Multi-signature Owner Account: A multi-signature setup for owner accounts is recommended for additional security layers.

❌ Standard ERC20-Related Issues: Not Implemented. It is known that a smart contract, even if not designed to receive or hold tokens, can still inadvertently receive ERC20-token deposits, without the ability to reject them. Thus, it's recommended to incorporate a function that allows for the extraction of any number of such unintended tokens from the contract.

Crosschain Address Collisions: Transactions can be mistakenly sent to a contract's address on a different chain (ETH, ETC, CLO, etc..). To mitigate this, deploying a "mock contract" that allows token withdrawal or prevents fund deposits at the address is recommended. Please note native blockchain coin deposits can be rejected, but ERC20 token deposits cannot. The following source code can be used as a mock contract: extractor contract source code. When deploying a new contract using CREATE (0xf0) opcode, the new contract's address follows this scheme keccak256(rlp([sender, nonce])).

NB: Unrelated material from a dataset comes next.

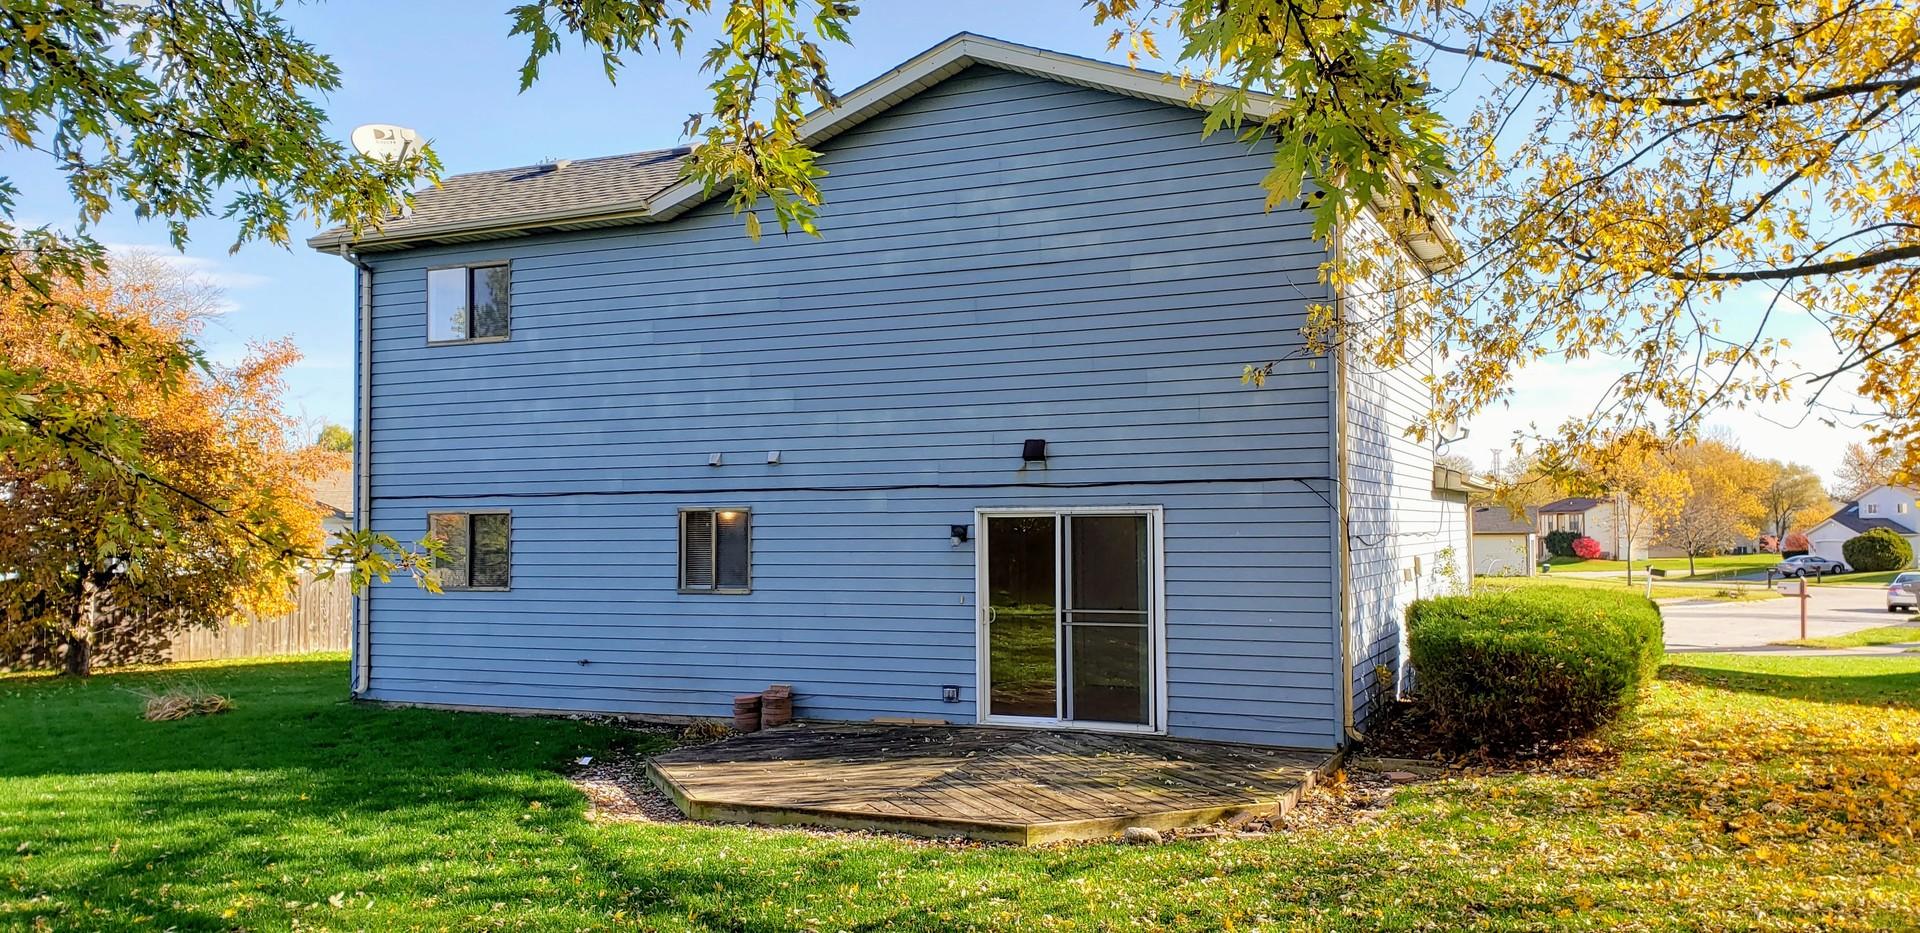 3005 TIMBER HILL, AURORA, Illinois, 60504

Thus, the same address used on the main chain should be used to deploy the mock contract, with the transaction nonce matching that on the original chain. For example, if your main contract (address 0x010101) was deployed in your 2021st transaction, you need to increase your nonce of address 0x010101 to 2020 on the chain where your mock contract will be deployed. Then, your 2021st transaction can deploy your mock contract, which will share the same address as your mainnet contract.  

4. Conclusion

The audited smart contract can be deployed. Only low-severity issues were found during the audit.

It is recommended to adhere to the security practices described in pt. 4 of this report to ensure the contract’s operability and prevent any issues that are not directly related to the code of this smart contract.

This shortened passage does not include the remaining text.